● WHAT YOU WILL DO
With the images excluded, set down every line of the listing below exactly.

AVAILABLE DATA: Begin

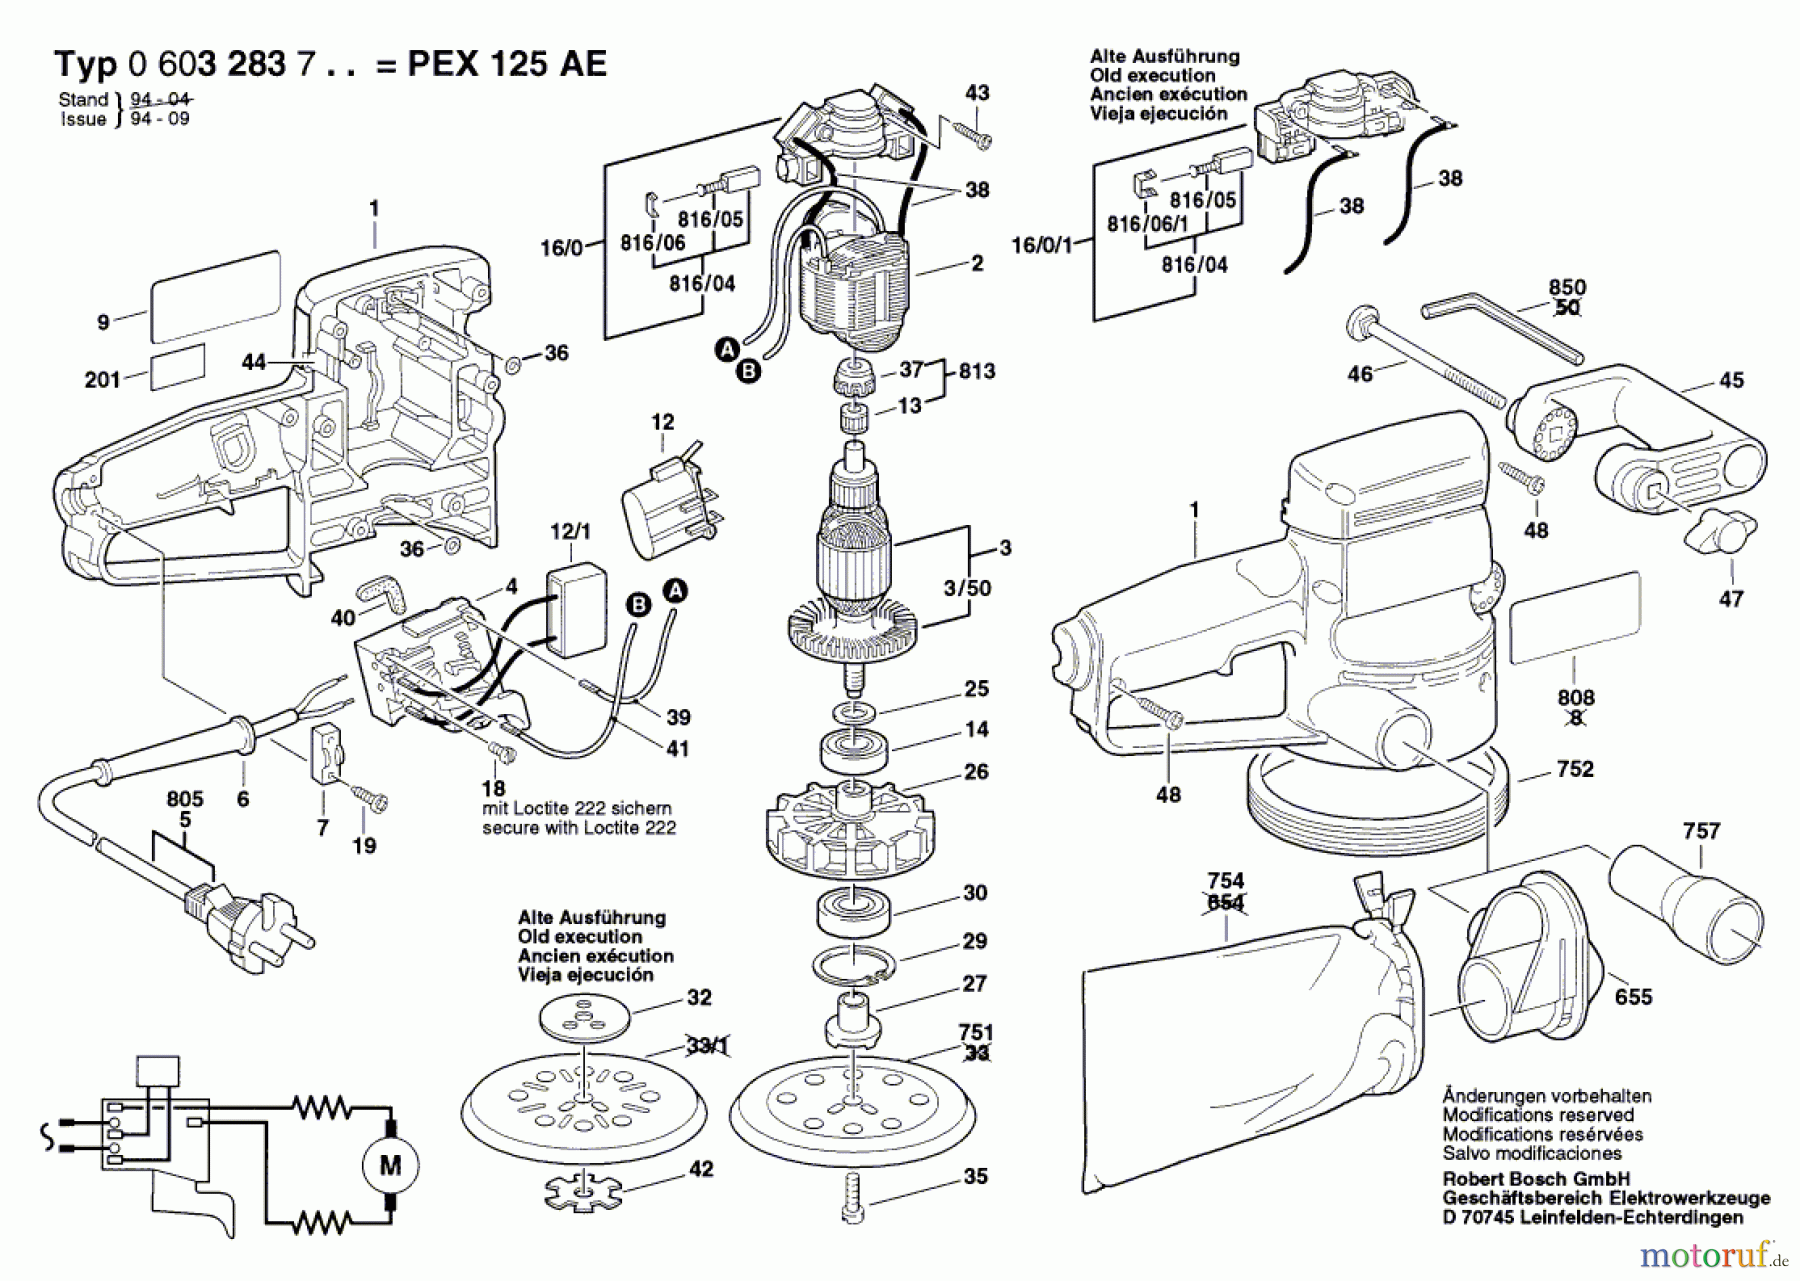  Bosch Werkzeug Exzenterschleifer PEX 125 AE Seite 1
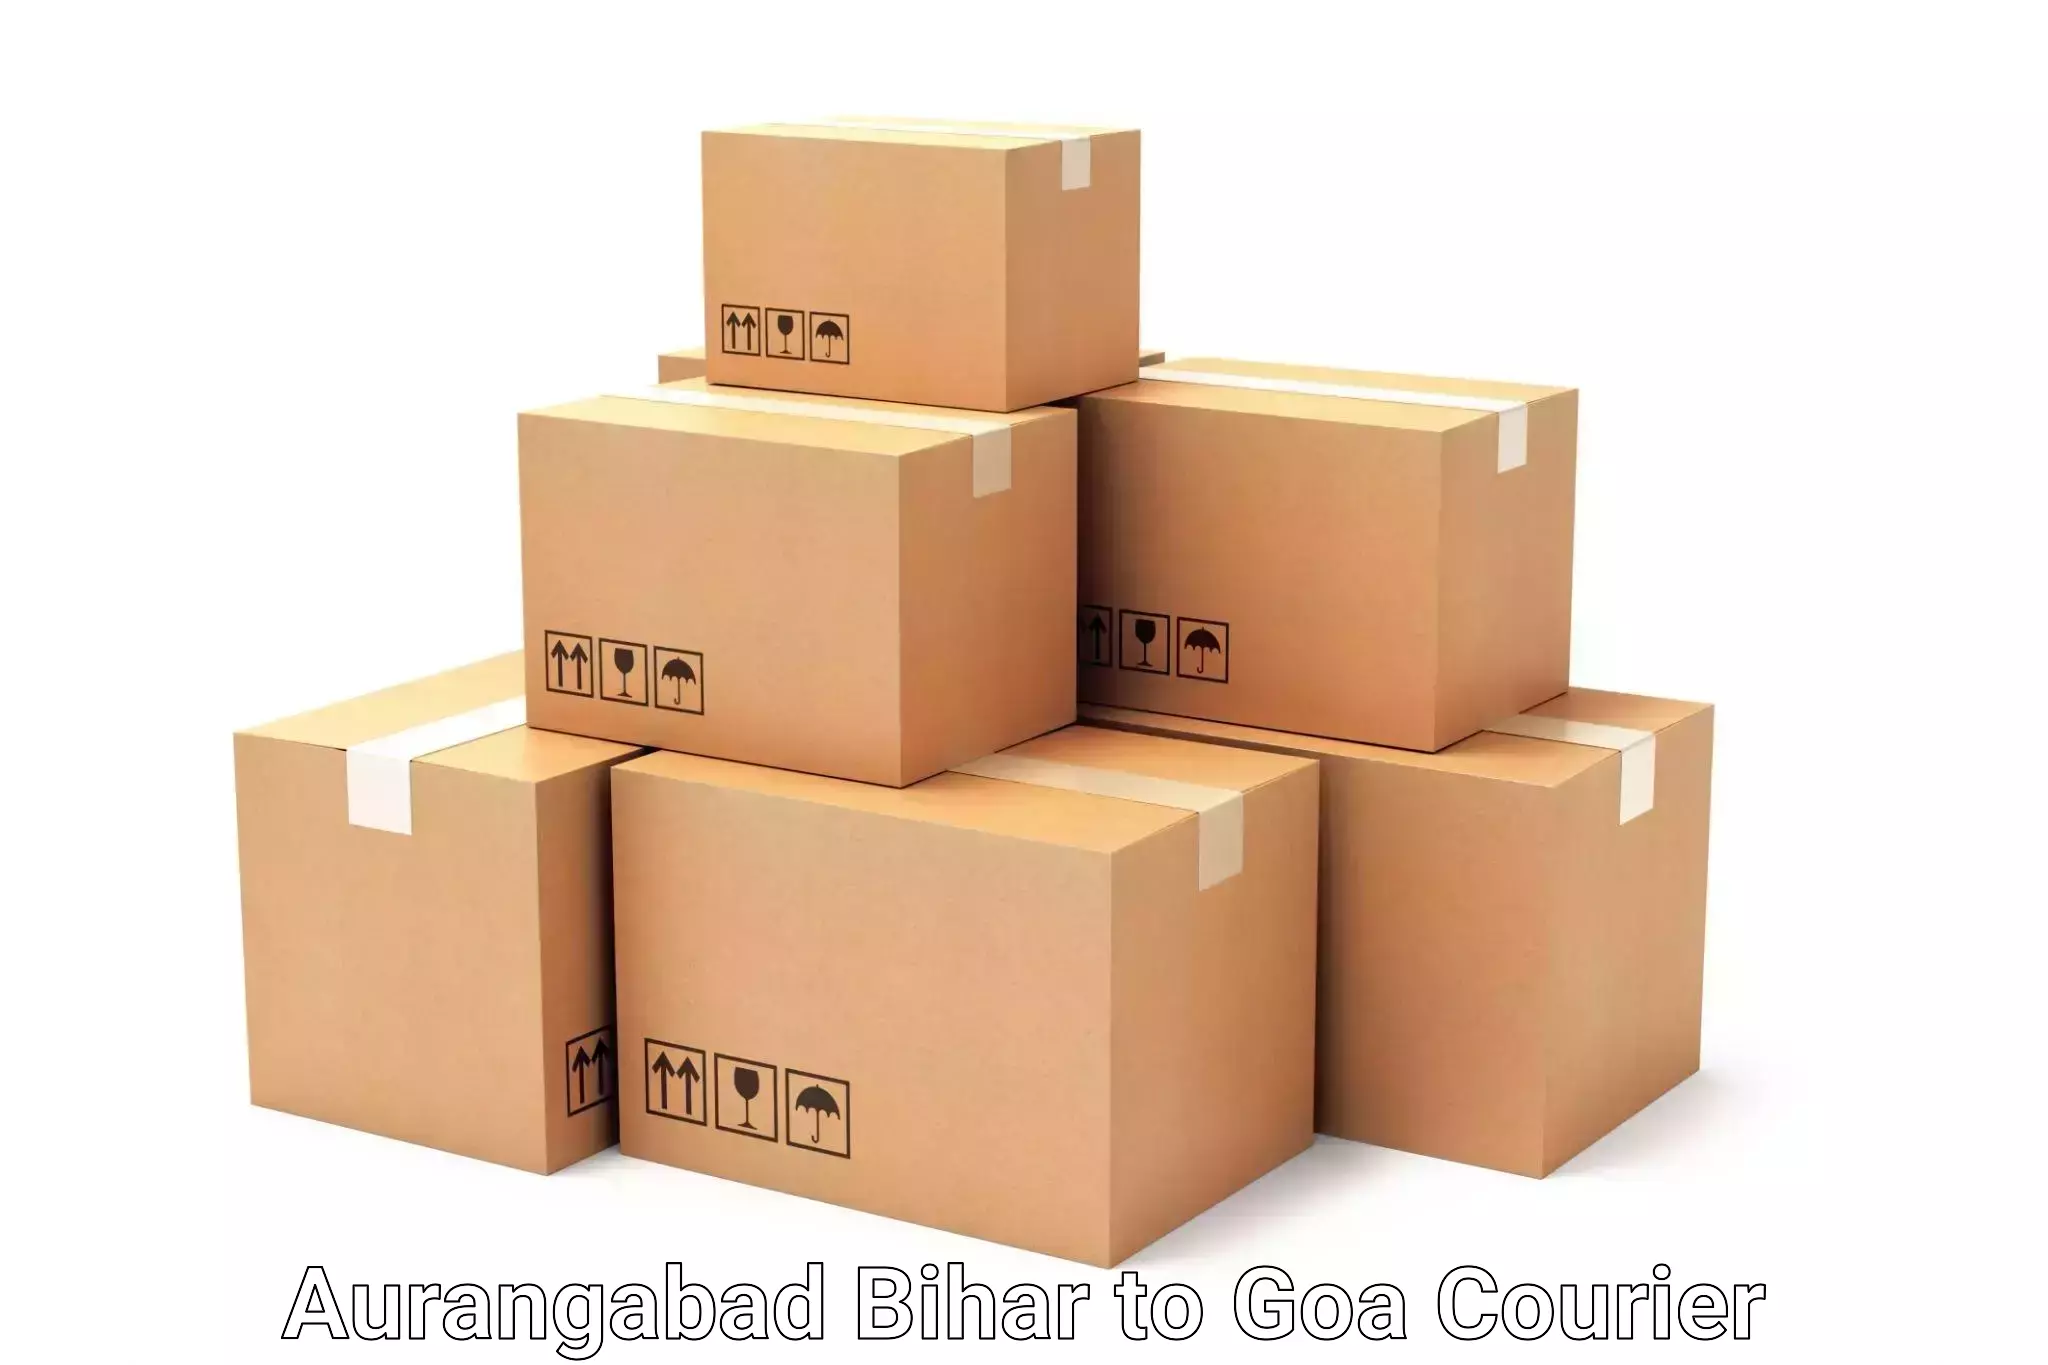 Luggage shipping management Aurangabad Bihar to Goa
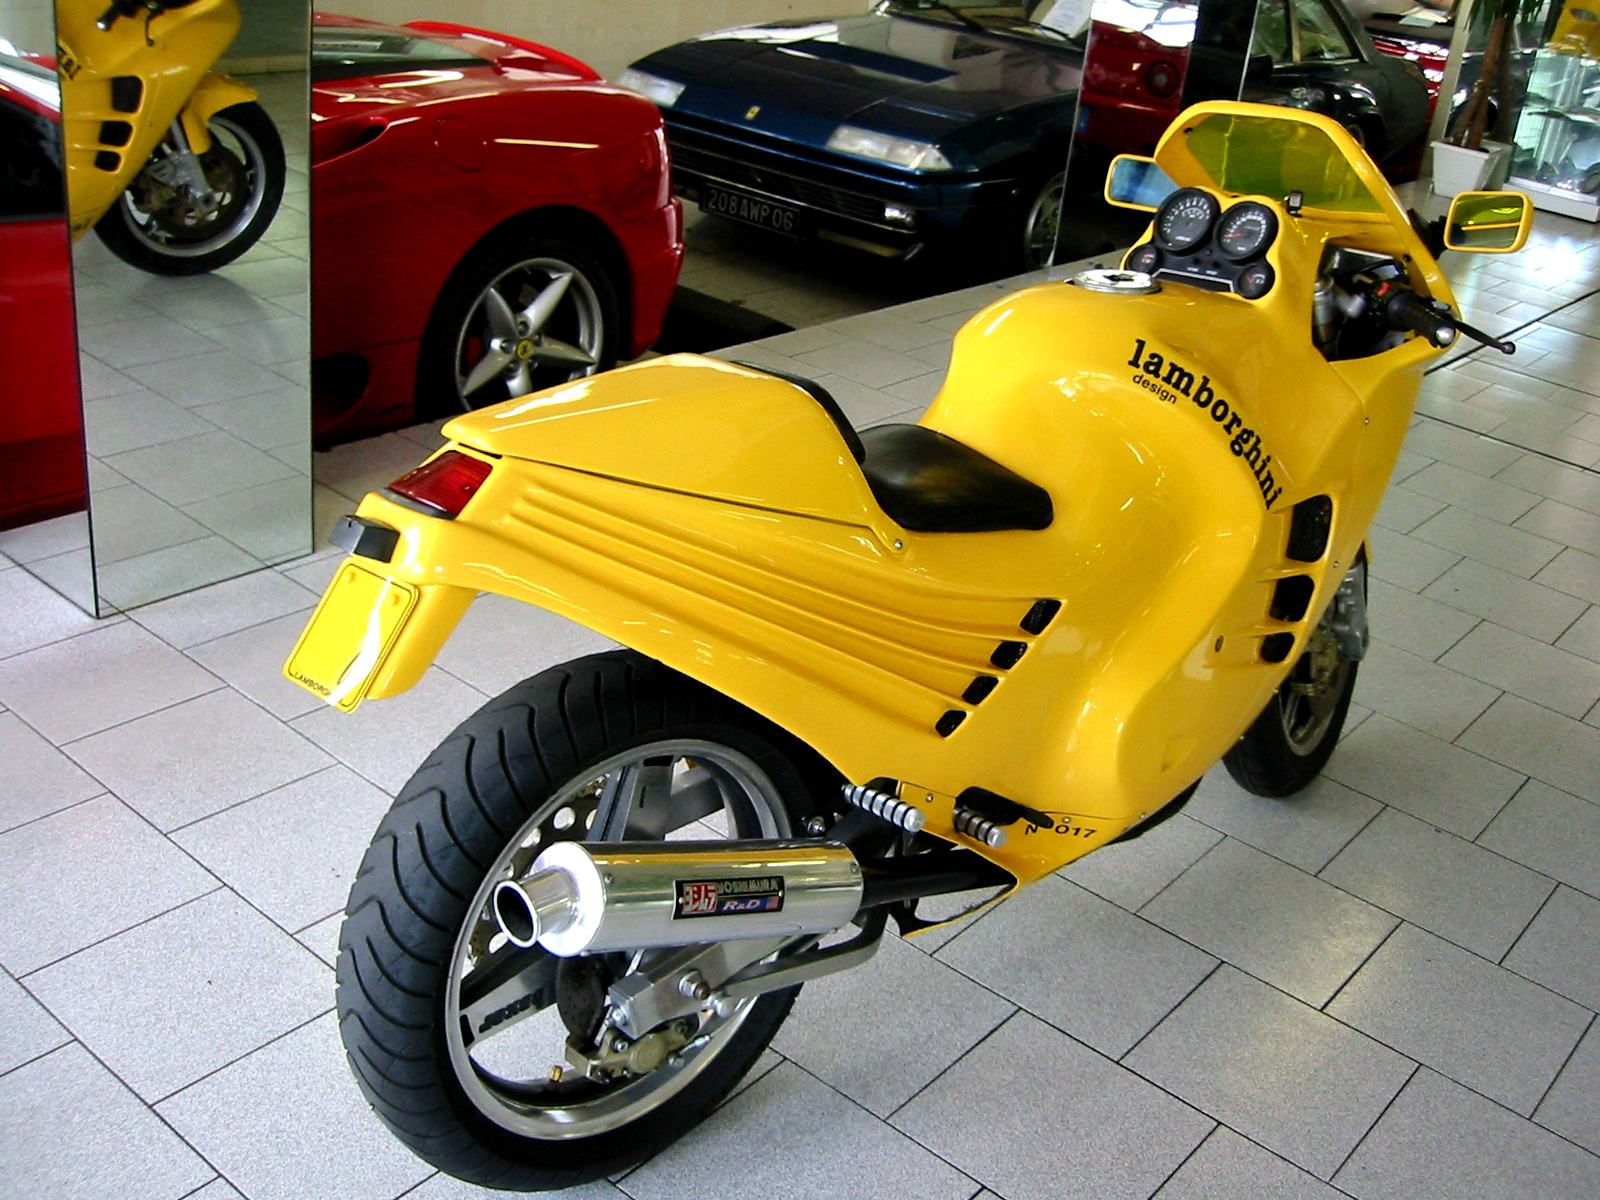 LAMBORGHINI Motorcycle for sale at Autodrome Paris ...

AVAILABLE DATA: End

● EXERCISE RESPONSE
  Bosch Werkzeug Exzenterschleifer PEX 125 AE Seite 1
 Luggage shipping management Aurangabad Bihar to Goa
 LAMBORGHINI Motorcycle for sale at Autodrome Paris ...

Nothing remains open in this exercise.